Where there was once only raw dirt, God breathed and the man was animated. God’s canvas: the soil of His own creation. His inspiration: Himself. Humankind was to be His great masterwork: a self-portrait crafted from the dusty particulars of a freshly ordered earth.

This week, I met briefly with a Disney animator at his office in Burbank. He’s been giving direction to pencil lines on paper for several decades. His role is unique among the artists housed in the whimsical Fantasia-inspired studio. His job is to ensure that any drawn character making it from sketch to computer to screen retains the emotional subtlety that almost imperceptibly yet critically gives the character a “soul.” The only way to better convey the soul of a line-drawn figure, is by making adjustments to the lines themselves.
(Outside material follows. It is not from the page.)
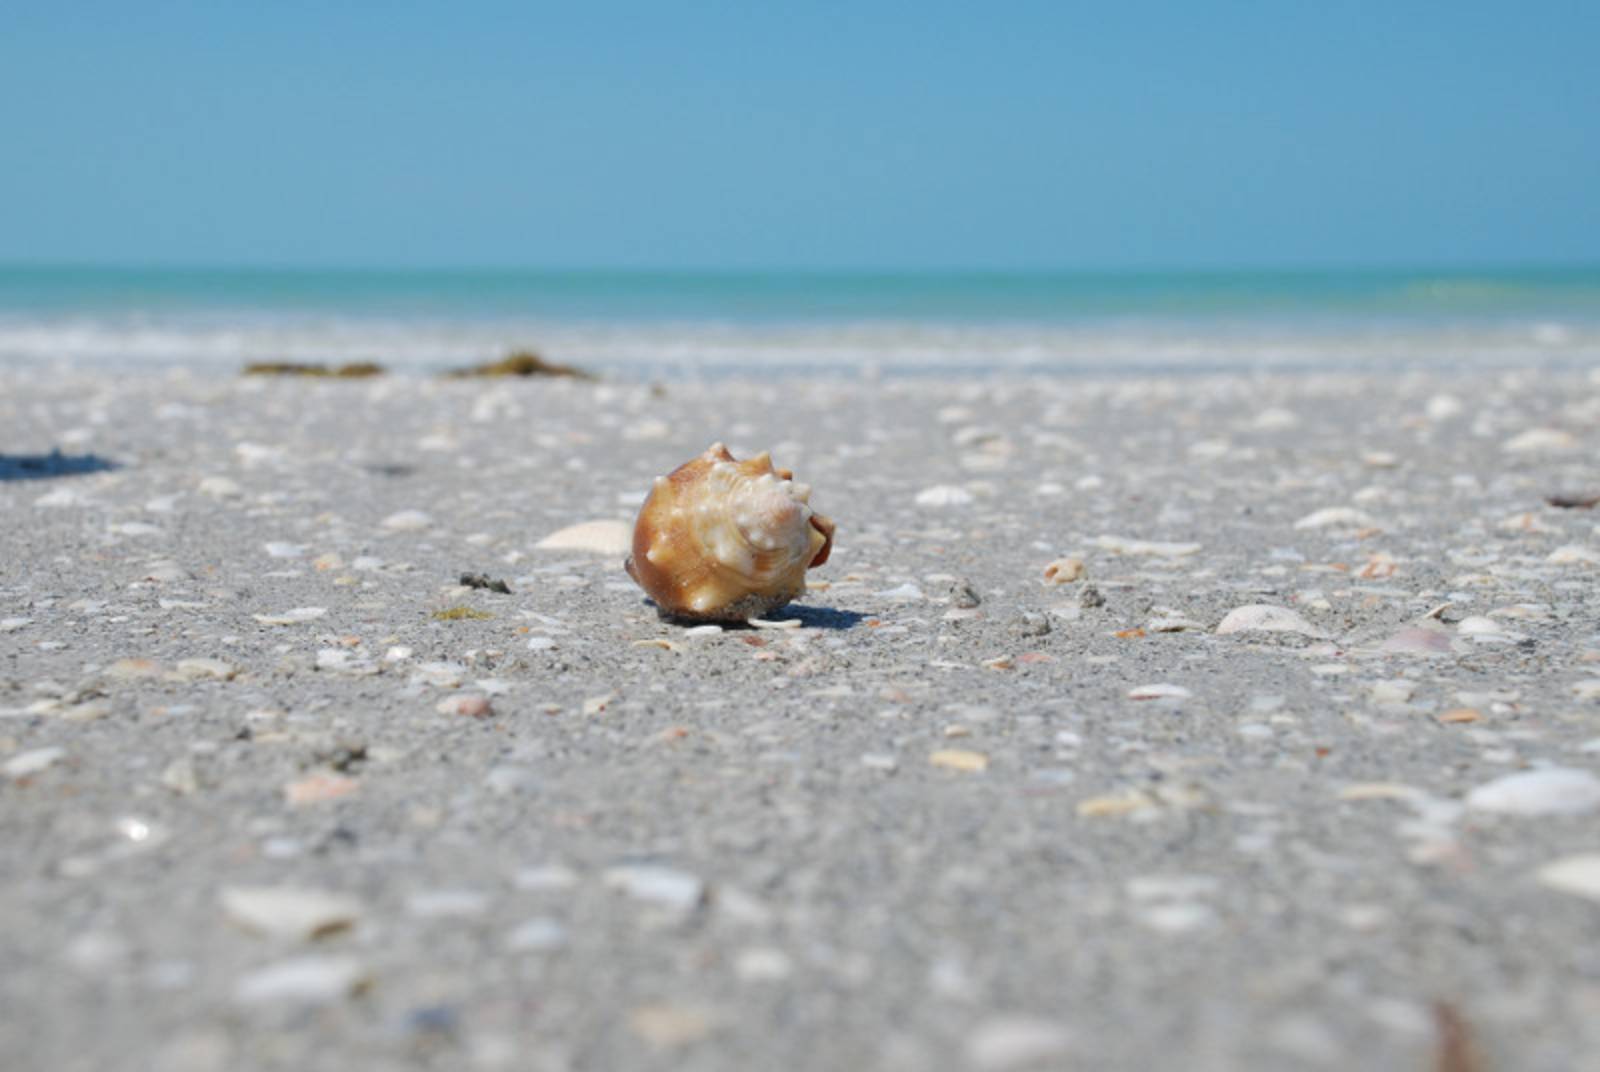 Nahaufname einer Muschel am Strand, im Hintergrund grünliches Meer und blauer Himmel

He froze an image from an upcoming Disney movie on his computer screen and picked up a stylus. Then, looking at the image on his screen, he drew three bold black lines directly on the image: he moved each of the character’s eyebrows only a fraction of an inch in either direction and then he re-curved the corners of the mouth. That’s it. Everything and virtually nothing was different. But, right before us: the soul of the character came to life. What wasn’t there before, was now unmistakably present.

Then, he motioned us over to his drawing table. It was as you’d expect: a few pencils on a drafting table and a moveable incandescent desk lamp illuminating a stack of blank pages. The area around the desk was crowded with initial sketches from Disney movies. He showed us a few of them, flipping quickly through the pages, setting the characters into motion. Then, he turned back to his desk, grabbed a pencil, and clicked on the light. I don’t think he realized all of the impact of what he was about to do.

He drew three iconic circles on a page: a round head and elliptical ears. Within seconds, the master had begun his creation. Subsequently, he drew three more of the same image in slightly different poses. He separated all four pages between each of his fingers and flipped quickly between them all — back and forth in rapid sequence. Where there was previously nothing, a character-in-motion emerged. Four frames told an unambiguous story of surprise. Whimsical pencil scratches were drawn to life. He signed the bottom corner of the top-most drawing and handed the stack of four to my son. It was as if he had entrusted a ten year old with life itself — a life crafted by the hands of a master.

I couldn’t help but think that ours is a sacred trust: to uphold what has been created — for us, for everyone else. The implications flickered forward at 30 frames per second: every earthly character, regardless of how rough or polished we may imagine their sketch to be, is still a work of the Master, sprung sacredly to life and given to dignity.